Friday, 15 May 2015

Parenting with bipolar

Tips on how to cope with being both bipolar and a parent from someone with the disease.

Life can be hard when you are someone who suffers with a mental health problem.  Anyone who suffered from Bipolar disease can tell you its a struggle but what do you do when you find yourself at a point in your life were you are not just responsible for your own well being but for that of your children too? 

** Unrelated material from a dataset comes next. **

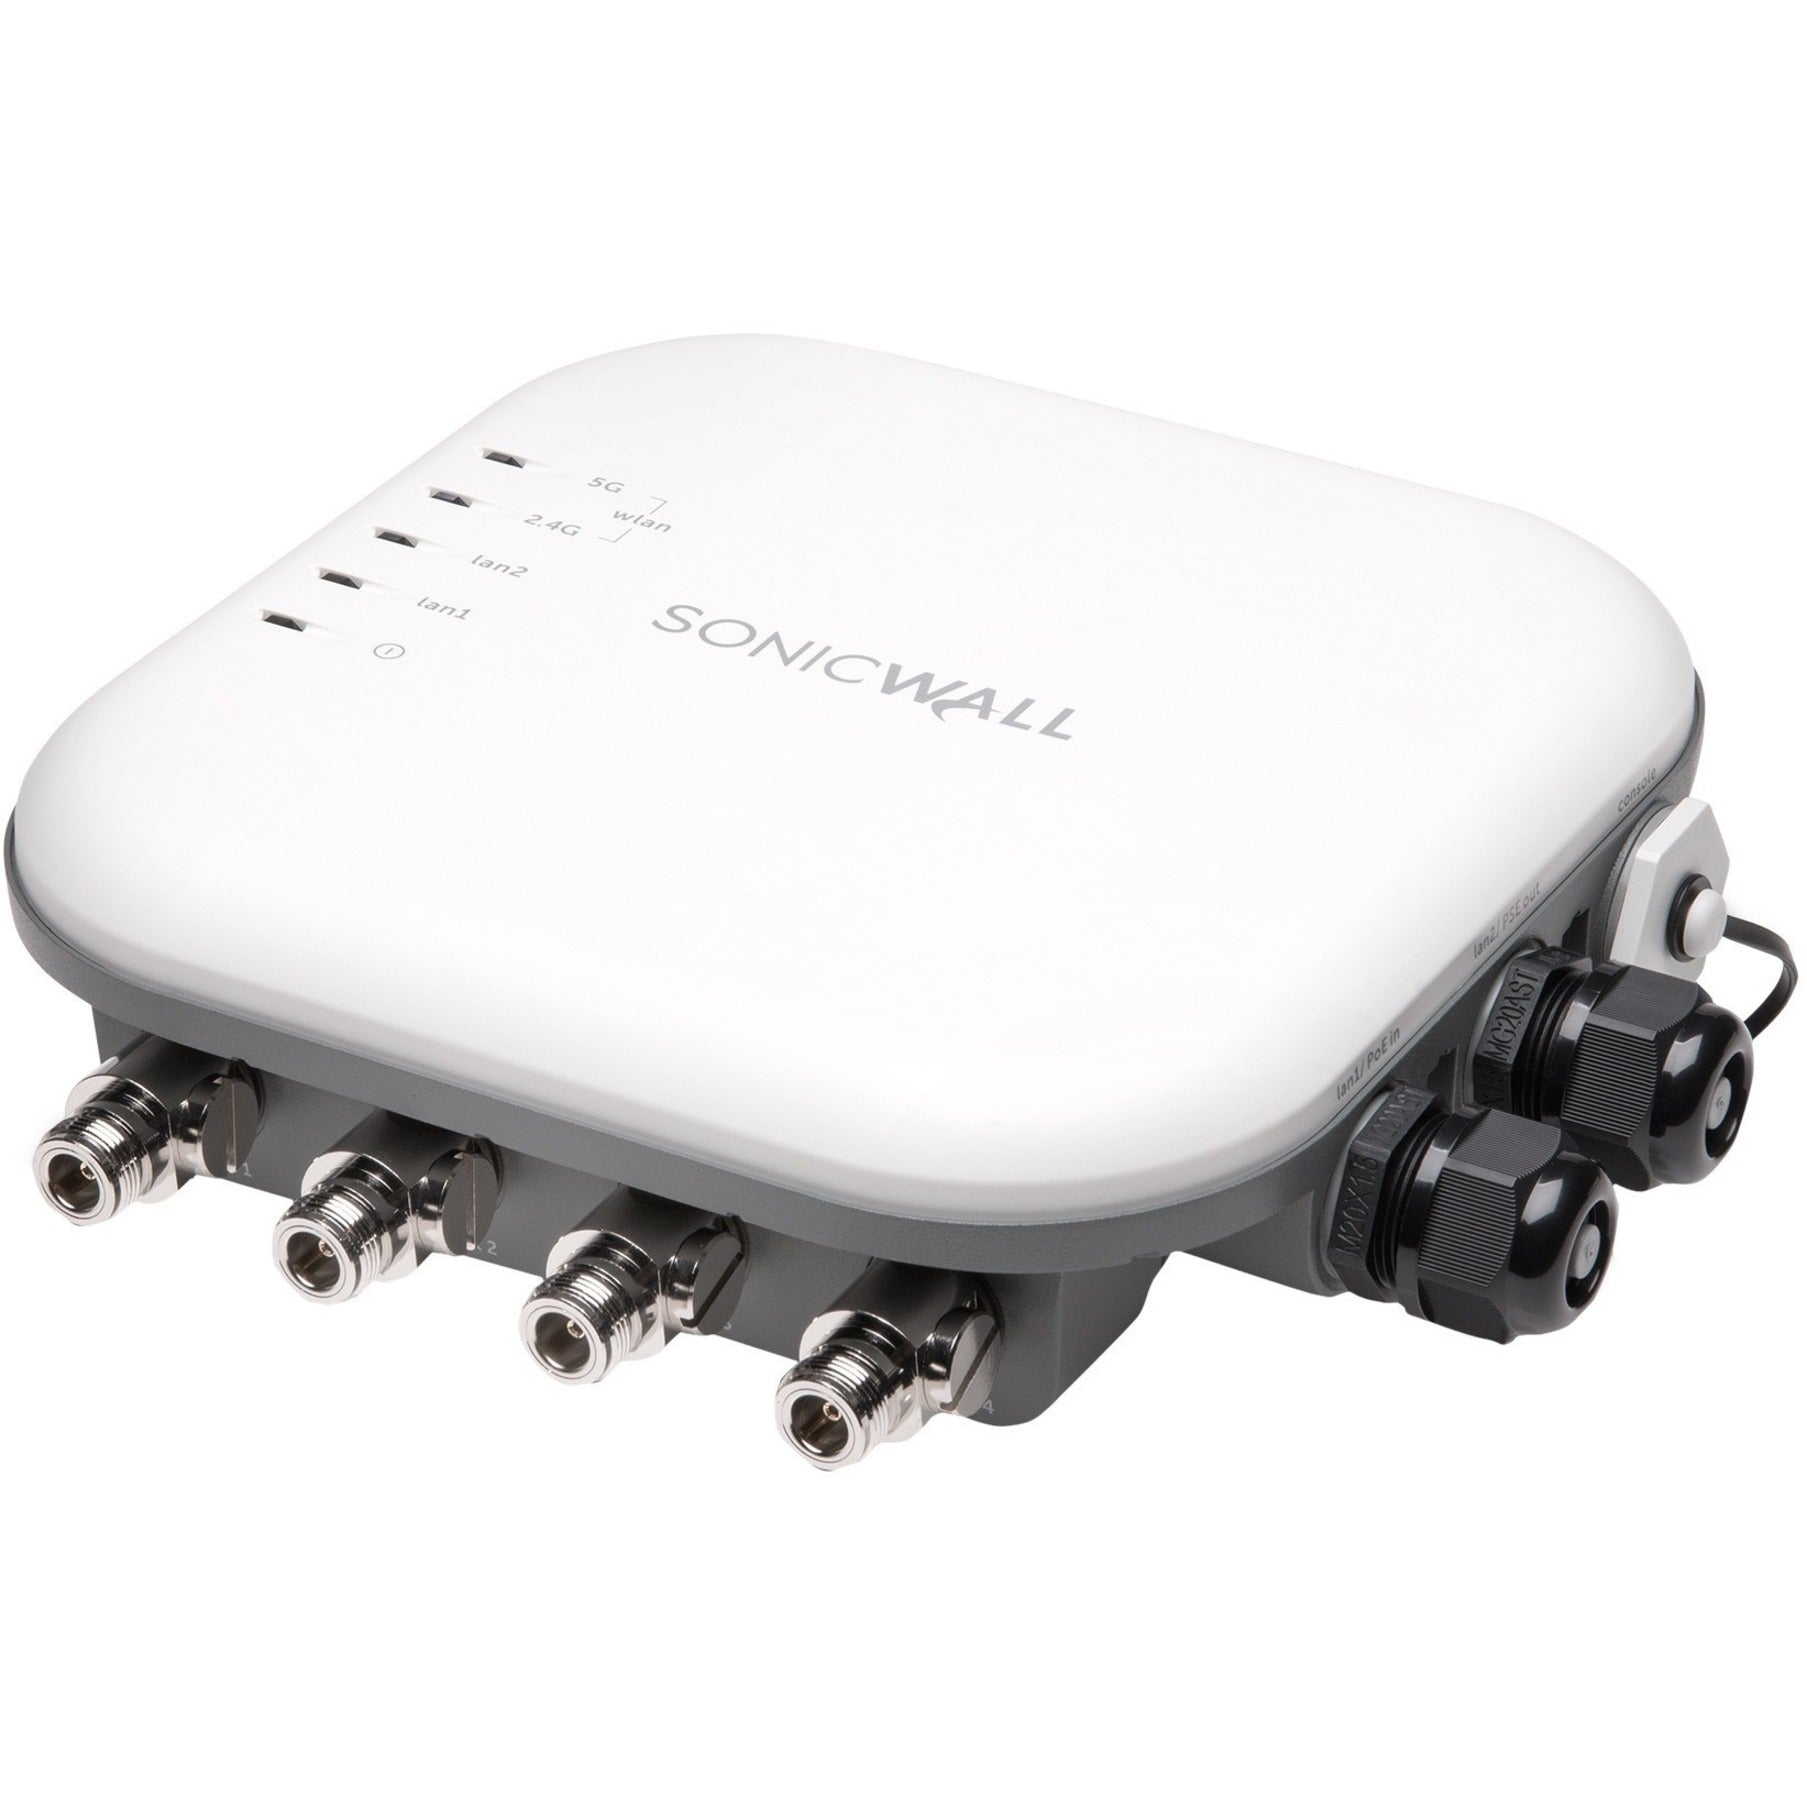 SonicWall 01-SSC-2558 SonicWave 432o Wireless Access Point, Secure Upgrade Plus with 3-Year Activation and 24x7 Support
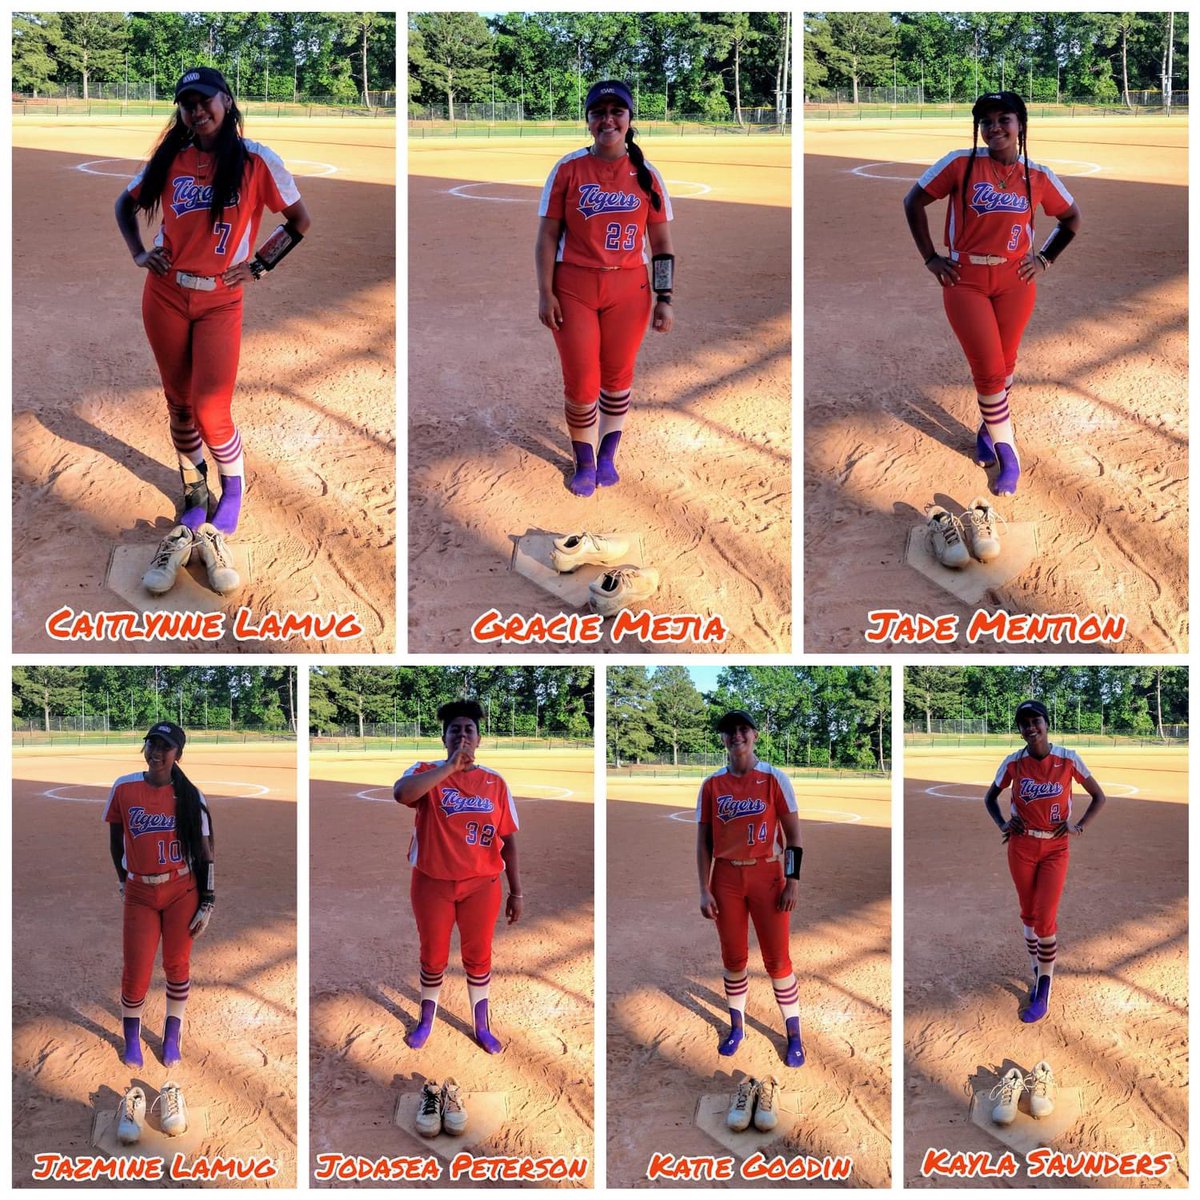 These 7 Seniors took their cleats off for the last time in their collegiate careers yesterday. 134-47 record 4 Straight Winning Seasons 2 HBCU National Championships 1 SIAC Conference Championship 1 SIAC Eastern Division Title #ThankYouSeniors! #TigerPride!🐅🥎

 Being a mum or dad living with the illness can bring with it a whole new set of challenges and as a sufferer myself have decided to share with you some things I have learnt along the way in a bid to help you overcome things you may face and share with you some advice that I hope will help someone out.

Don't let people scare you out of getting the help you need.

Realizing the importance of this step for me was a turning point.  Some people may try and discourage you from getting the help you need once you become a parent.  On more than one occasion I was told that if I spoke to someone about my health concerns and went to a doctor or mental health team I would run the risk of getting my children taken away.  Asking for help will not result in getting your children taken away. Most of the time parents suffering with mental health are not a risk to their children and taking the first steps and reaching out for help in its self displays responsibility for your health and is often seen as a positive and healthy move on your behalf.

I Hate it when others try to stop someone suffering from receiving the help they need by scaring them this way, as a matter of fact I would say in the long run you are more at risk if you do not seek help. Make that appointment with your doctor or psychiatrist and start the process to finding a healthier happier you.

Never let people tell you that asking for help means you have failed.

For a long time I genuinely believed that falling behind with housework, having a tearful day or just generally needing support meant that in someway I had failed and was weak.  Sometimes we can't just "brush ourselves off and get on with it" sometimes its just not possible to "keep doing because we have to".  Sometimes we need the helping hand of another person to pull us through and that's okay.  You haven't failed and you are not weak.  You are normal. You are a human being not a robot and sometimes we all need a helping hand, maybe having bipolar might mean we need it a little more than other people but never be made to feel guilty for that.  You did not choose to have a mental health problem.

If anyone tries to make you feel guilty for needing help remember a mental health illness is sometimes no different to a physical one,  We all know it would be wrong to tell someone in a wheelchair, or someone with a physical disability that they are a burden or pain in the ass for needing support.  You are no different and you don't deserve to be made to feel guilty for needing help sometimes.  Remember that!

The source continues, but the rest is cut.